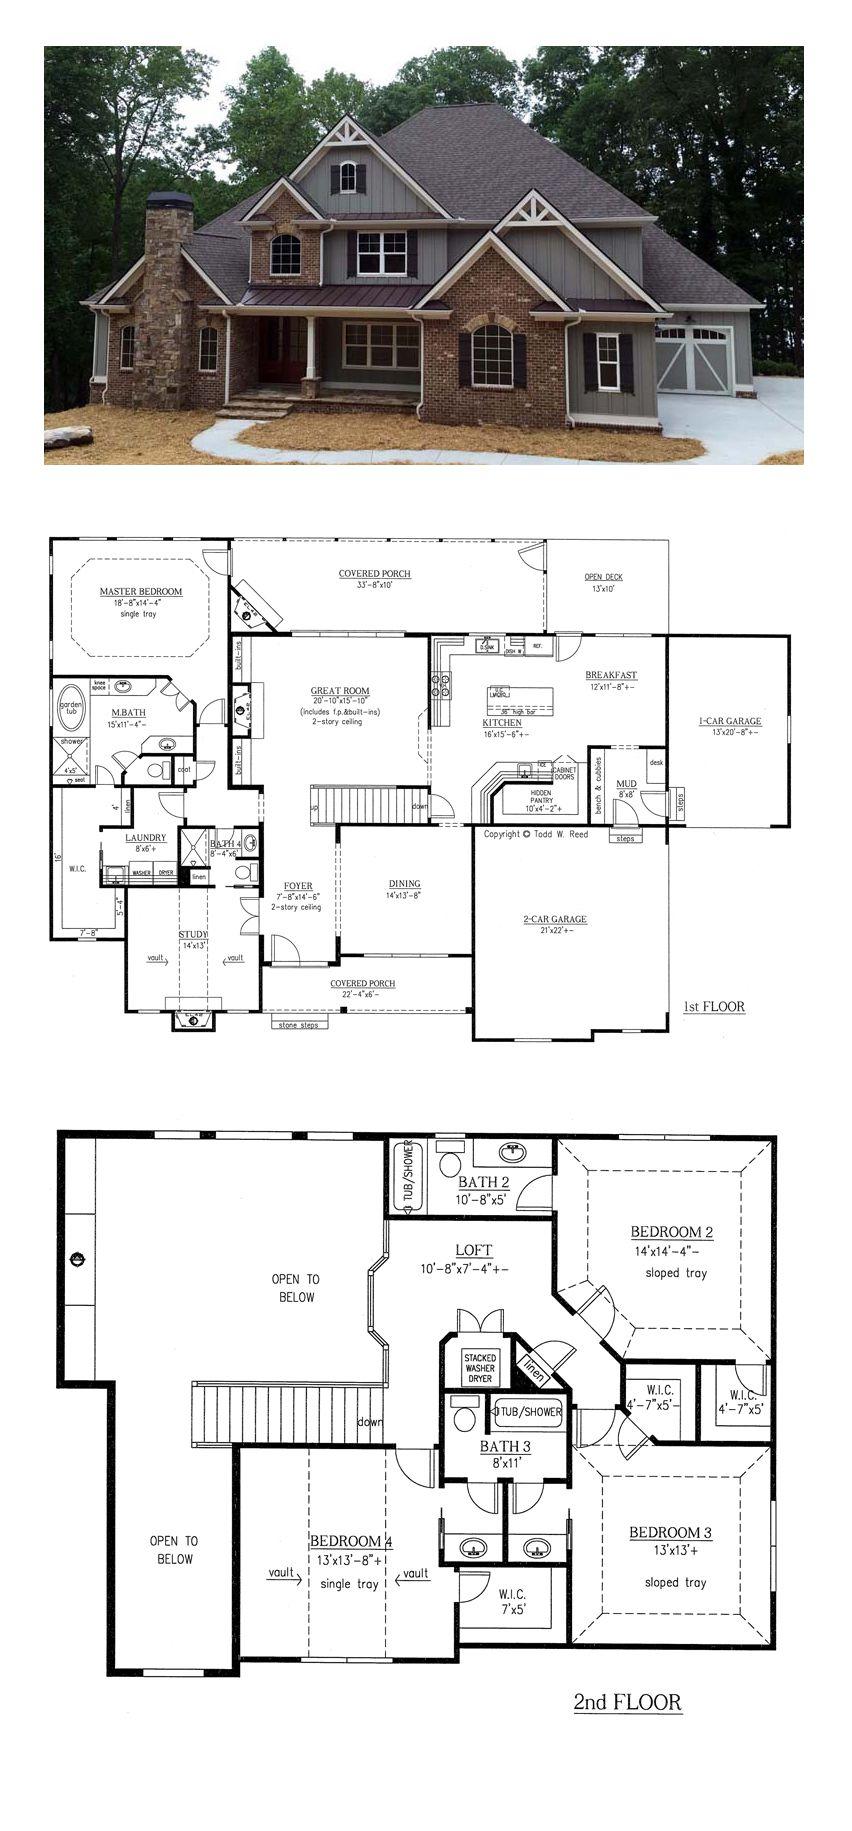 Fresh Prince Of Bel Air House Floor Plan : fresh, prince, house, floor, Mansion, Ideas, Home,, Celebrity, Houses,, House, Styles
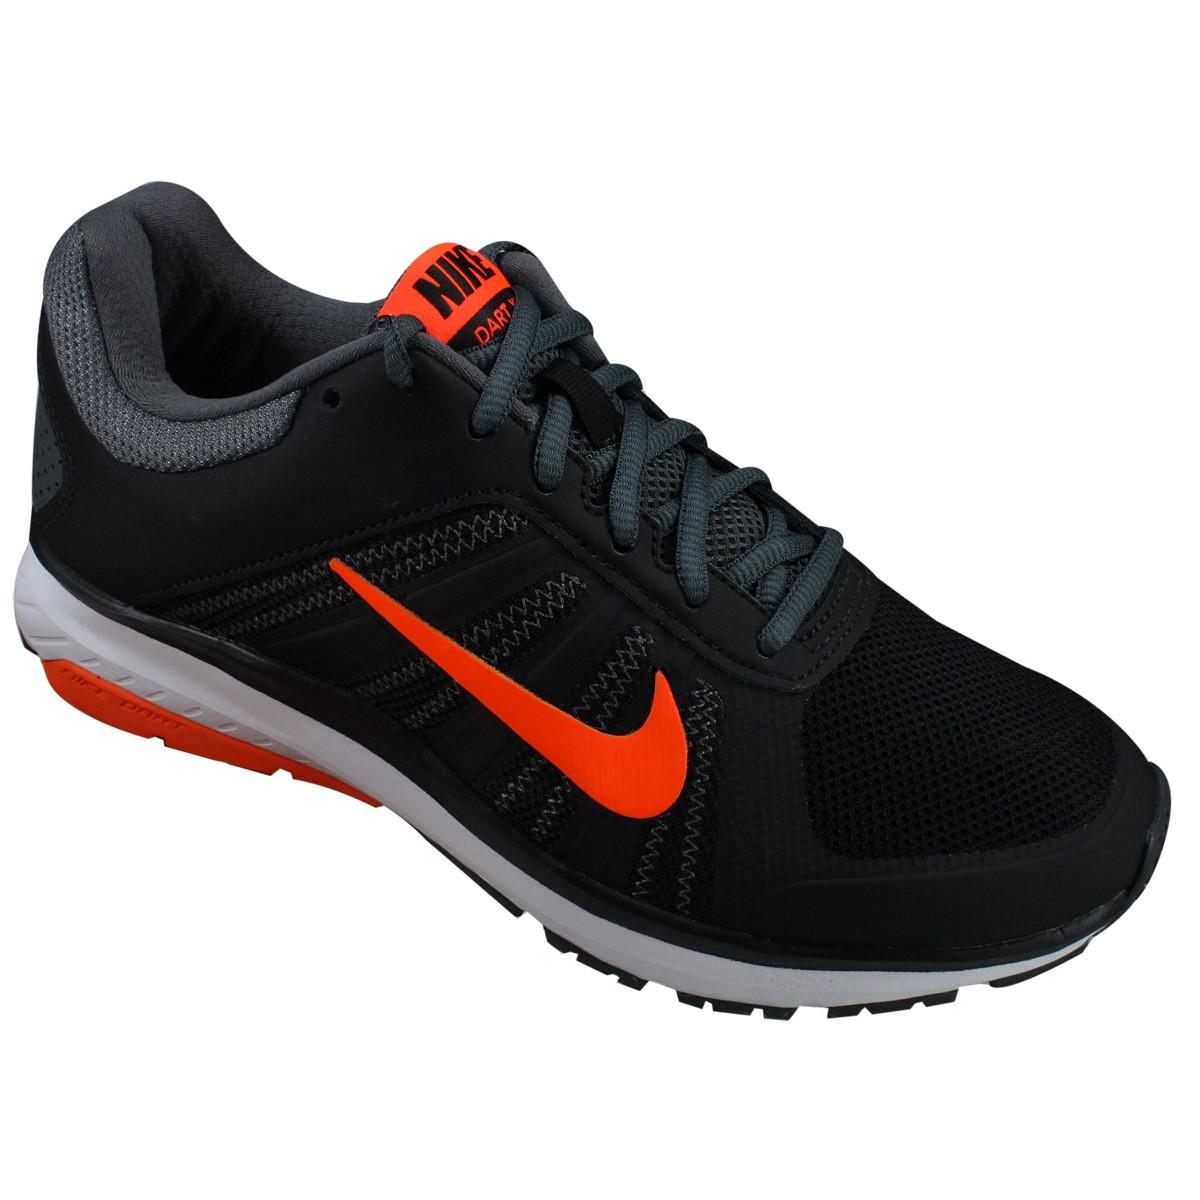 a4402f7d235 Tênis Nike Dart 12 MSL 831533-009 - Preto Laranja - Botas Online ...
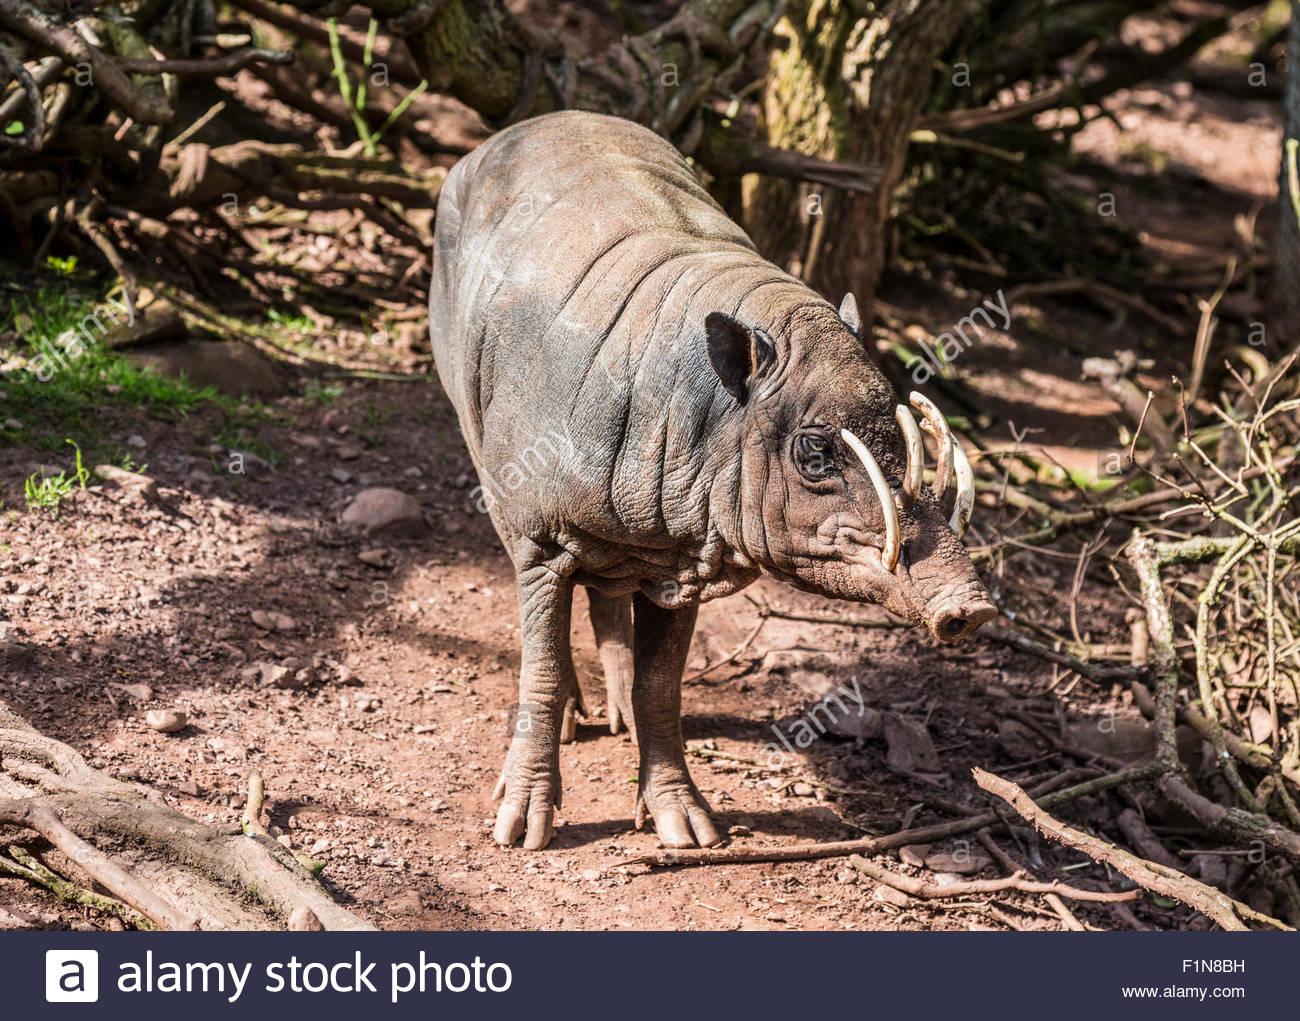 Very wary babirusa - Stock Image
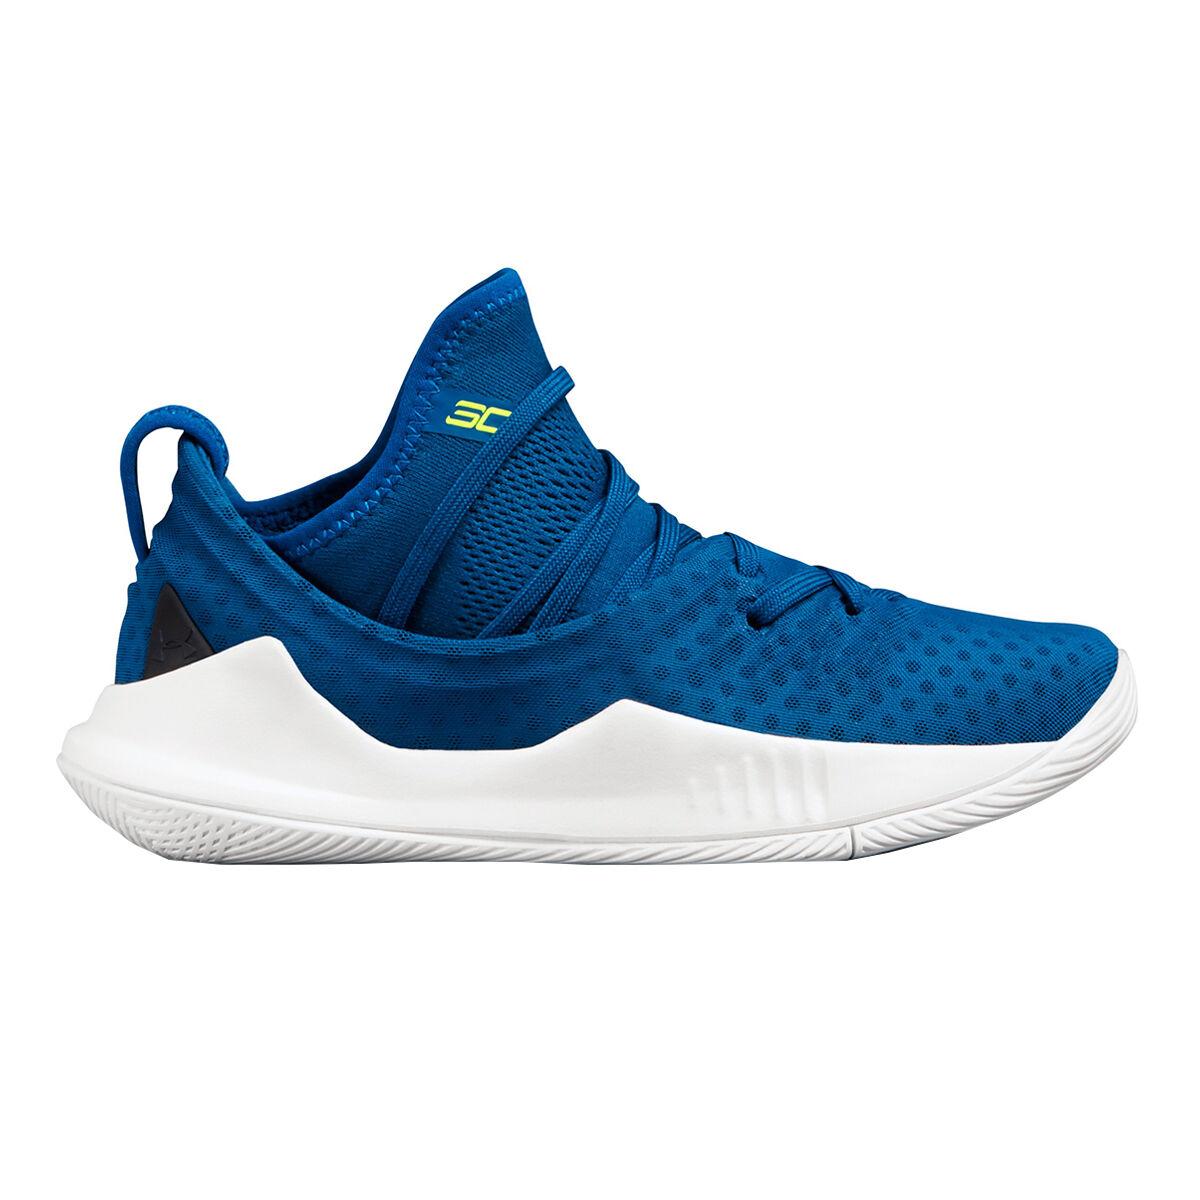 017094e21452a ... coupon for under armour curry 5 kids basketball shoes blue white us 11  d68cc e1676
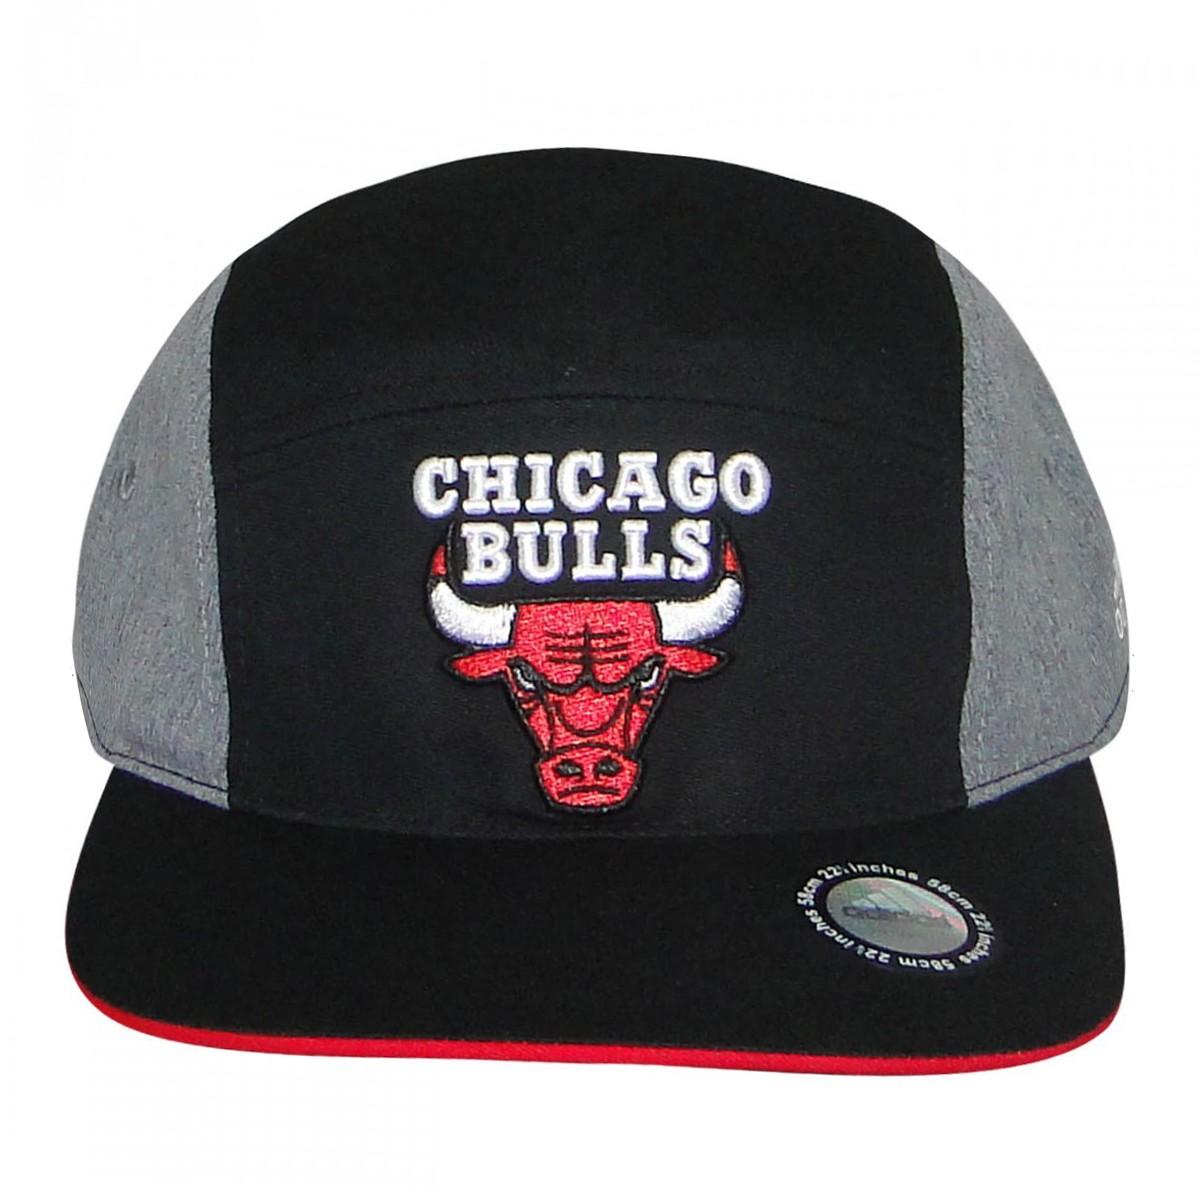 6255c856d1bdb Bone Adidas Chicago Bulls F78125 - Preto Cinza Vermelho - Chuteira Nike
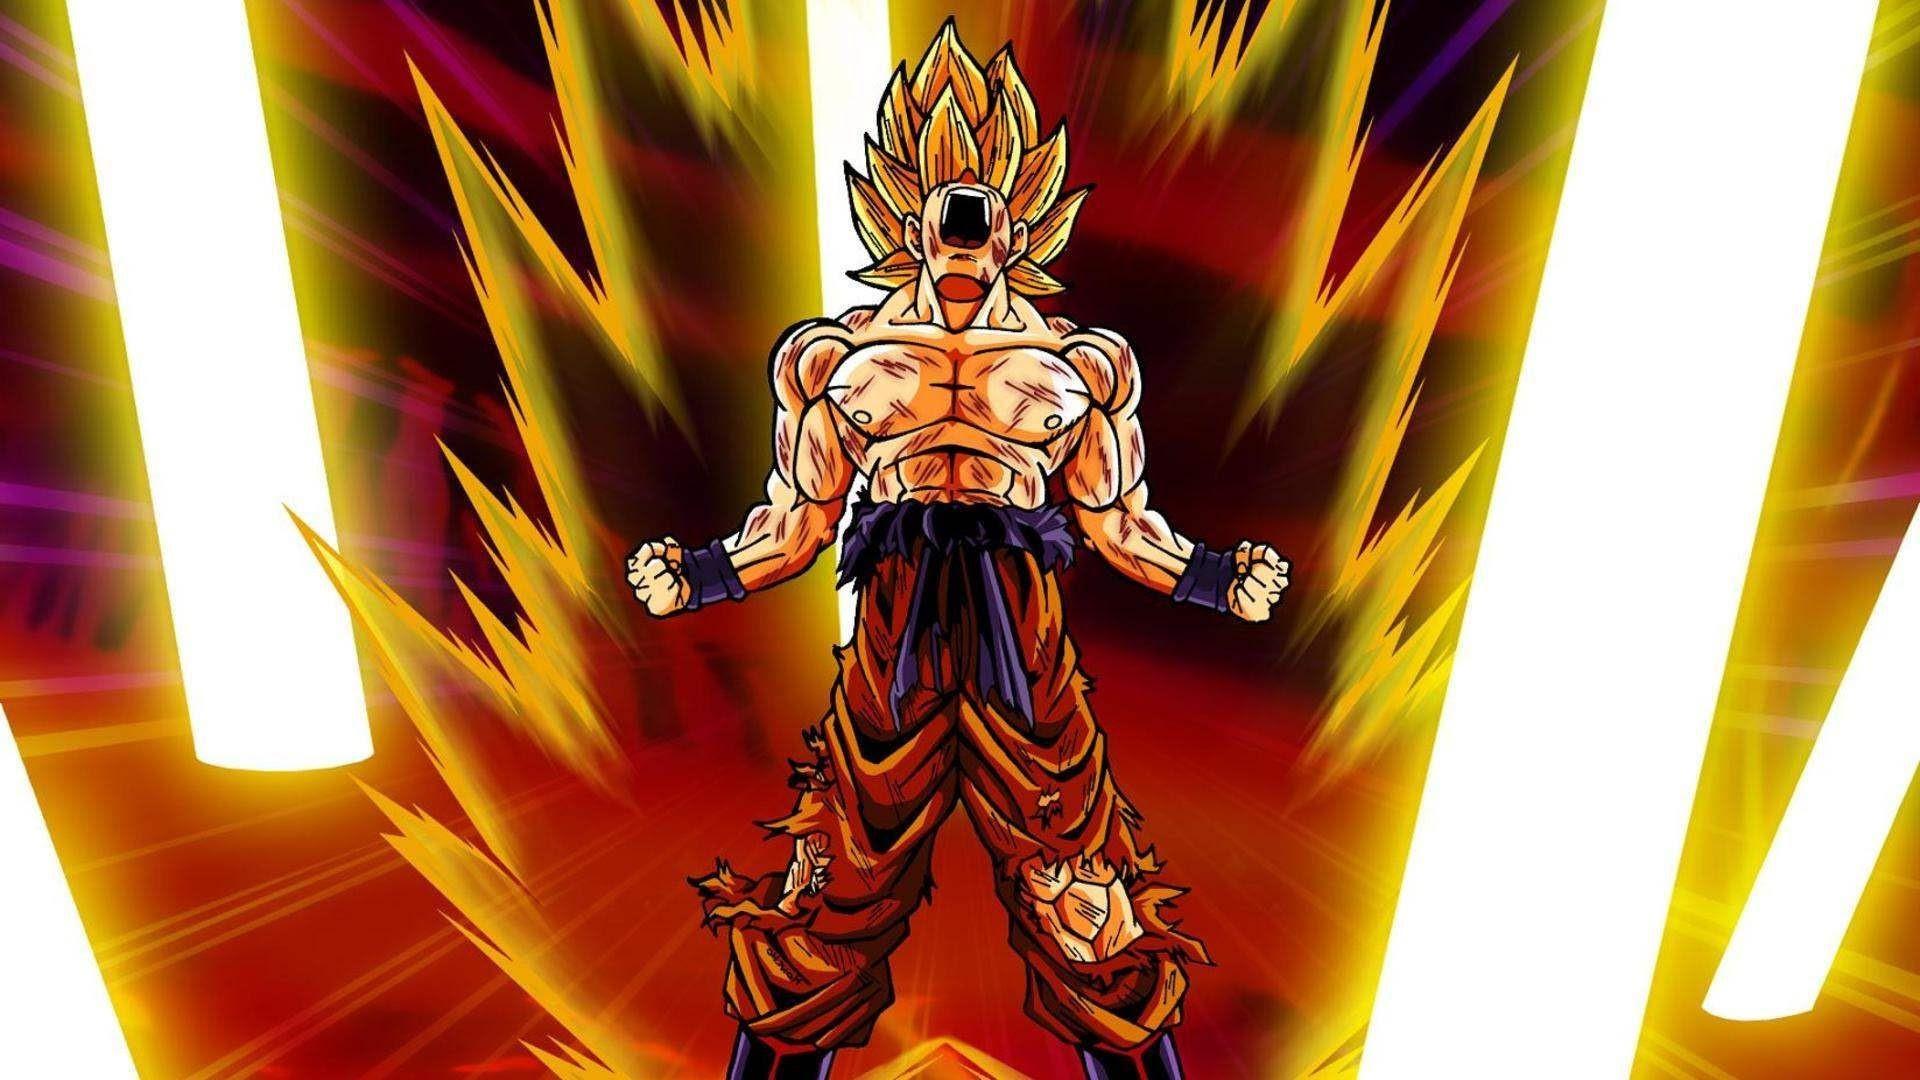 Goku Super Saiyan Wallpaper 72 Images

******************************

*What is needed:* The data above must be copied exactly. Leave out the pictures.

*Response to this task:*
 Fresh Prince Of Bel Air House Floor Plan : fresh, prince, house, floor, Mansion, Ideas, Home,, Celebrity, Houses,, House, Styles
 a4402f7d235 Tênis Nike Dart 12 MSL 831533-009 - Preto Laranja - Botas Online ...
 Very wary babirusa - Stock Image
 017094e21452a ... coupon for under armour curry 5 kids basketball shoes blue white us 11  d68cc e1676
 6255c856d1bdb Bone Adidas Chicago Bulls F78125 - Preto Cinza Vermelho - Chuteira Nike
 Goku Super Saiyan Wallpaper 72 Images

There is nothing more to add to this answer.